§ Records supplied:
_ _ _ _ _

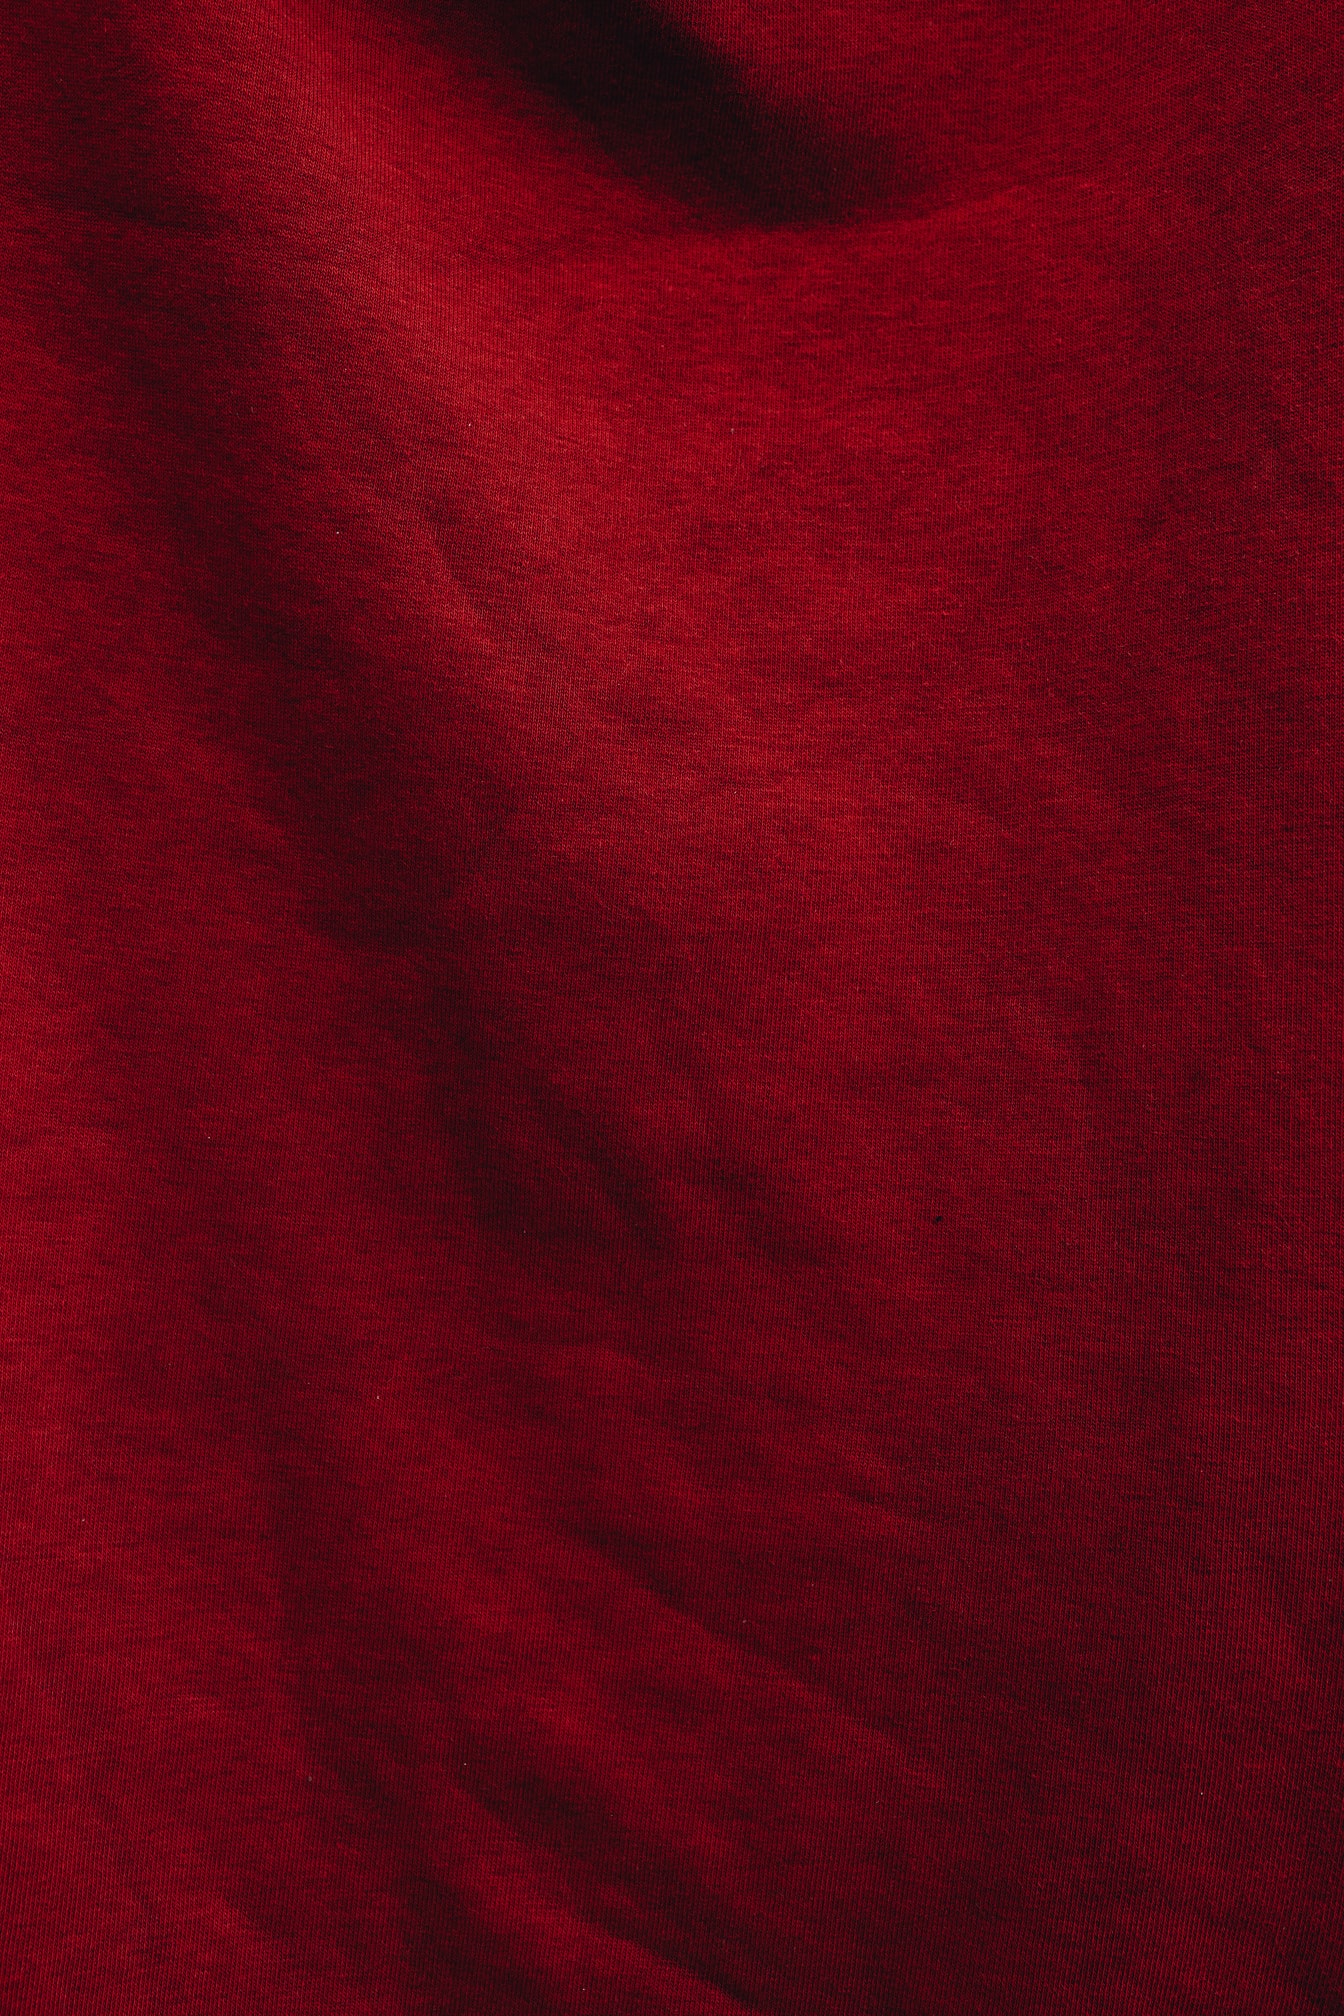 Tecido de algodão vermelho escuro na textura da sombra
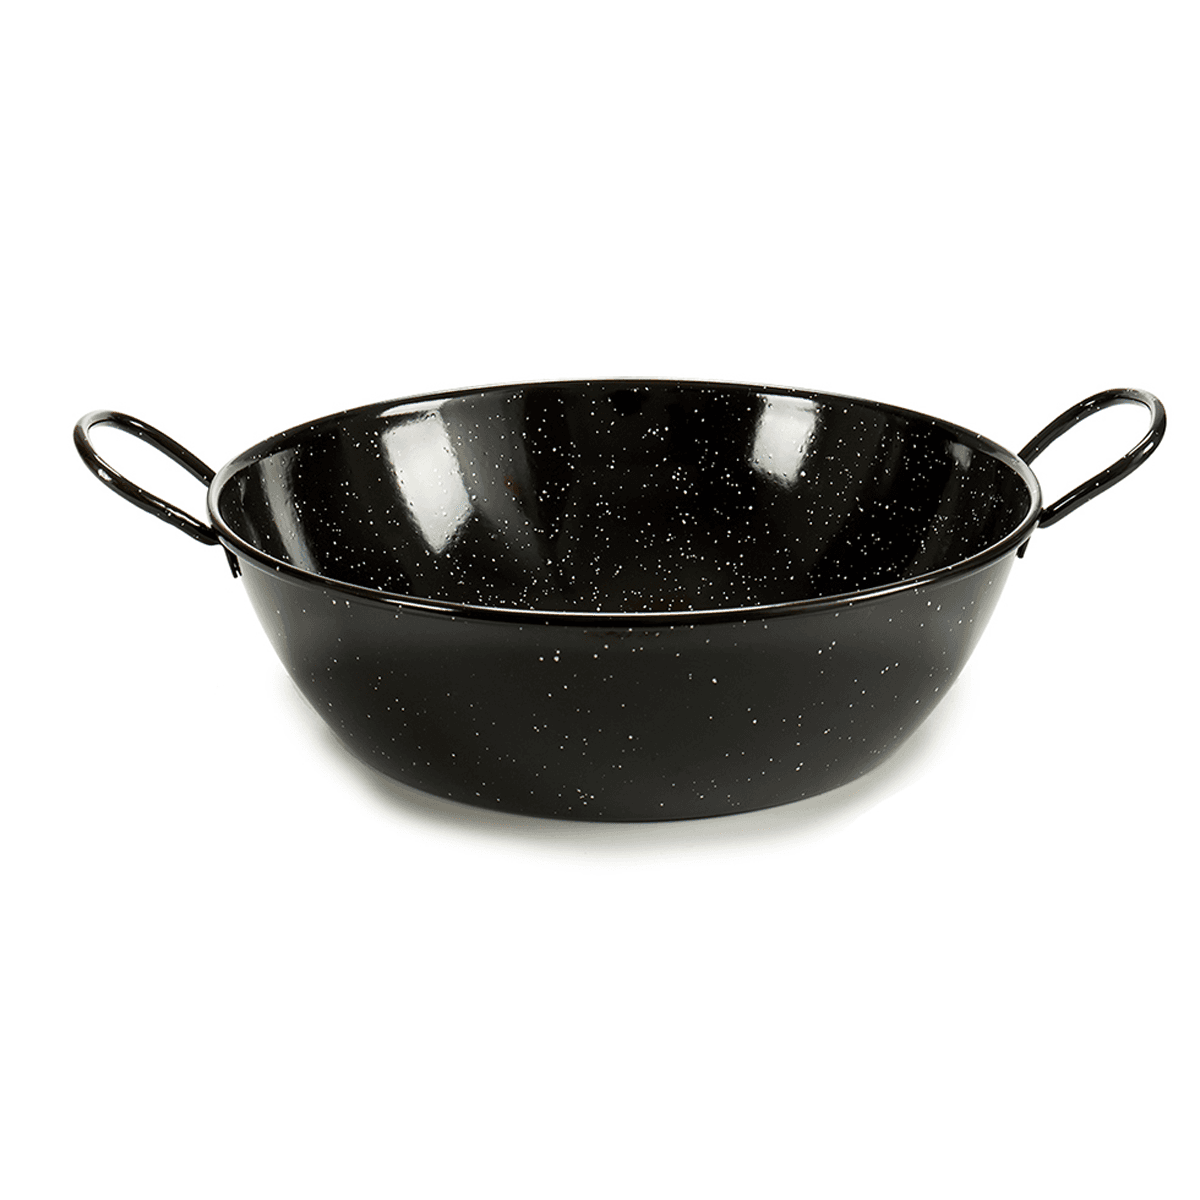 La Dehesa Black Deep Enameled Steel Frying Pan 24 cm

_ _ _ _ _

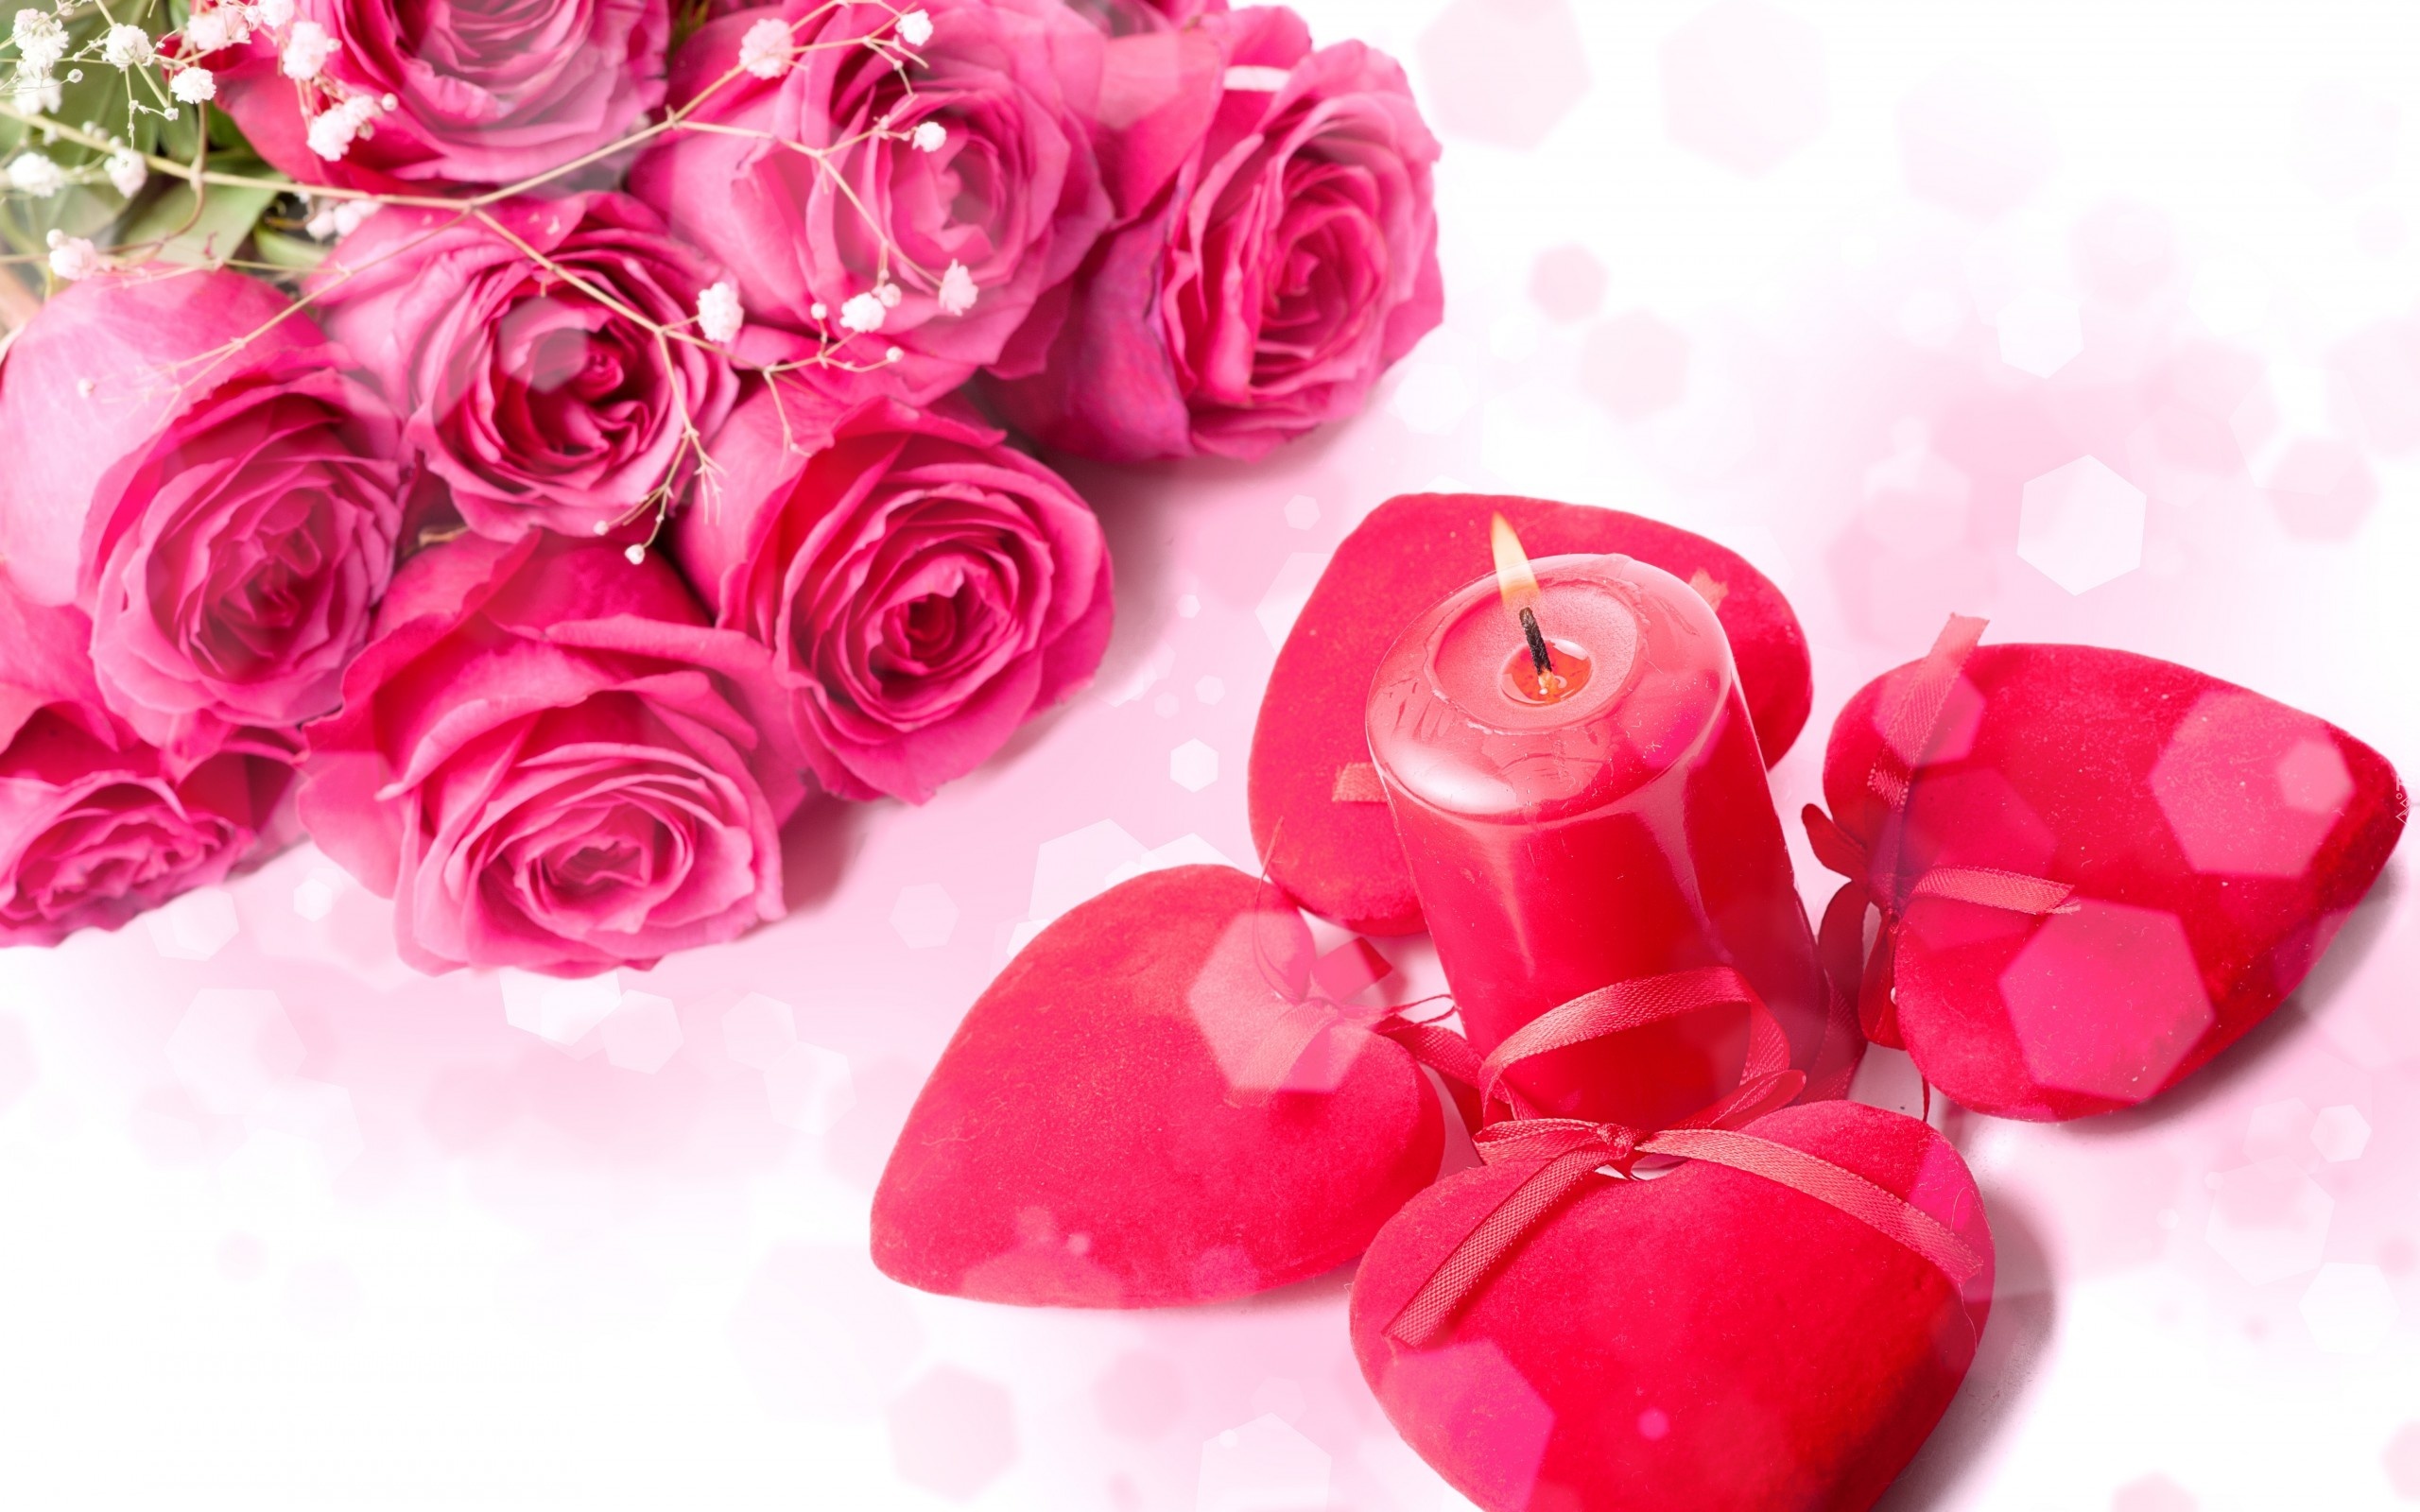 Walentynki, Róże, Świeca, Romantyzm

_ _ _ _ _

Look above for the line with "Tecido de algodão"; quote it and every line after it, stopping after the line with "La Dehesa Black", exactly, with nothing added and without pictures.

§ Output below:
 Tecido de algodão vermelho escuro na textura da sombra
 La Dehesa Black Deep Enameled Steel Frying Pan 24 cm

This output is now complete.